Industry Leaders Debate Follow-on Biologics Pathway

The organizations' presidents discuss market exclusivity, approval processes, and pending legislation.
May 02, 2009
Volume 33, Issue 5

The Biotechnology Industry Organization's point of view

Jim Greenwood
Biotechnology has created hundreds of breakthrough therapies and treatments for patients suffering from debilitating diseases such as multiple sclerosis, diabetes, and HIV/AIDS. We are developing new innovative therapies and treatments for unmet medical needs and rare diseases. And we are providing a link between the hope provided by stem-cell research and the reality of treatments and cures for patients.
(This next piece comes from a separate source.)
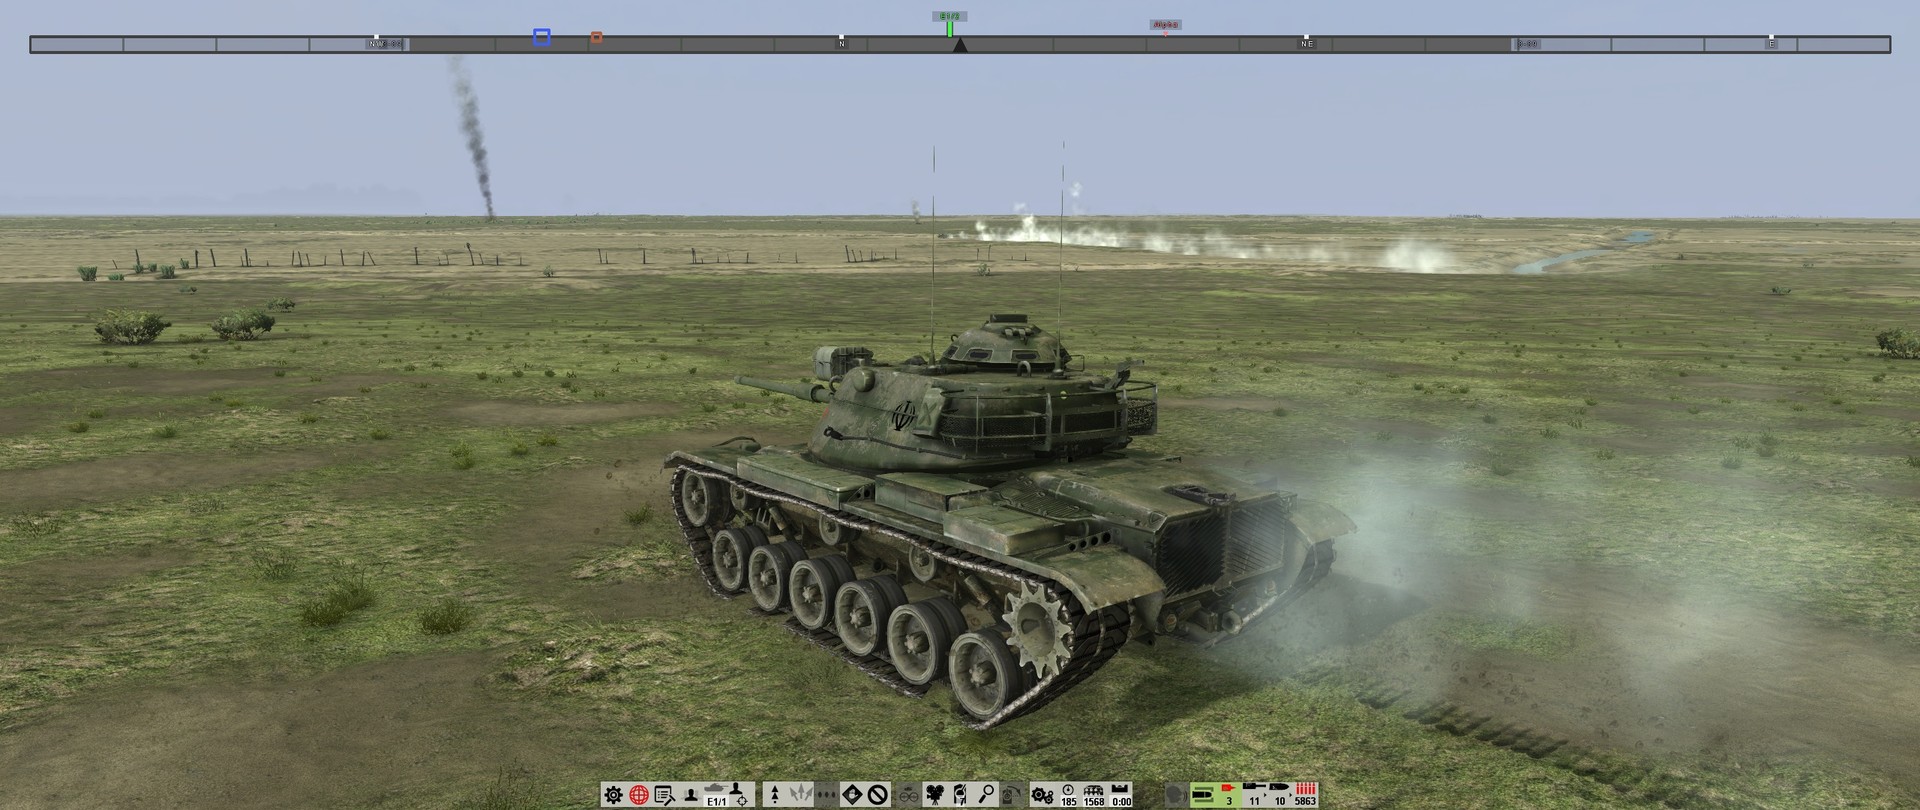 Тип ворлд. Браузерный танковый симулятор 2000 Steel Armor. Игра стальной удар оскал войны.

Even with the dynamic evolution of our industry in recent years, we have our work cut out for us: we need to ensure that all Americans have access to these life-enhancing and life-saving medicines.

Congress is considering legislation that could help expand access to biologics. These proposals would enable companies to produce biosimilars, products that are similar to, but not the same as, pioneering biotechnology therapies. A healthy biosimilars market could help increase access to biologic treatments by lowering costs and increasing choice. But Congress should proceed with caution—missteps on the path to developing biosimilars could jeopardize the safety of patients as well as future biomedical innovation.

Biologics are complex therapies developed from living cells and organisms. The slightest change in manufacturing processes can impact the safety, purity, and effectiveness of a biotech medicine. As the US Food and Drug Administration has recognized, these drugs are so molecularly complex that current science does not allow for an exact copy to be made.

The Biotechnology Industry Organization (BIO) supports the Pathway for Biosimilars Act (H.R. 1548), which was introduced by US Reps. Anna Eshoo (D-CA), Jay Inslee (D-WA), and Joe Barton (R-TX) in March and has more than 55 cosponsors. This bipartisan legislation lays out an effective, reasonable, and safe pathway to biosimilars and provides patients with the right balance between innovation and competition. This legislation requires clinical data while providing discretion for FDA to waive the requirement on a case-by-case basis. Immunogenicity data, which is necessary to avoid putting patients at risk of adverse effects from immune reactions, may only be waived after the issuance of product-specific guidance. The bill recognizes that switching products could put patients at risk of severe immunogenic responses and has high standards for interchangeability.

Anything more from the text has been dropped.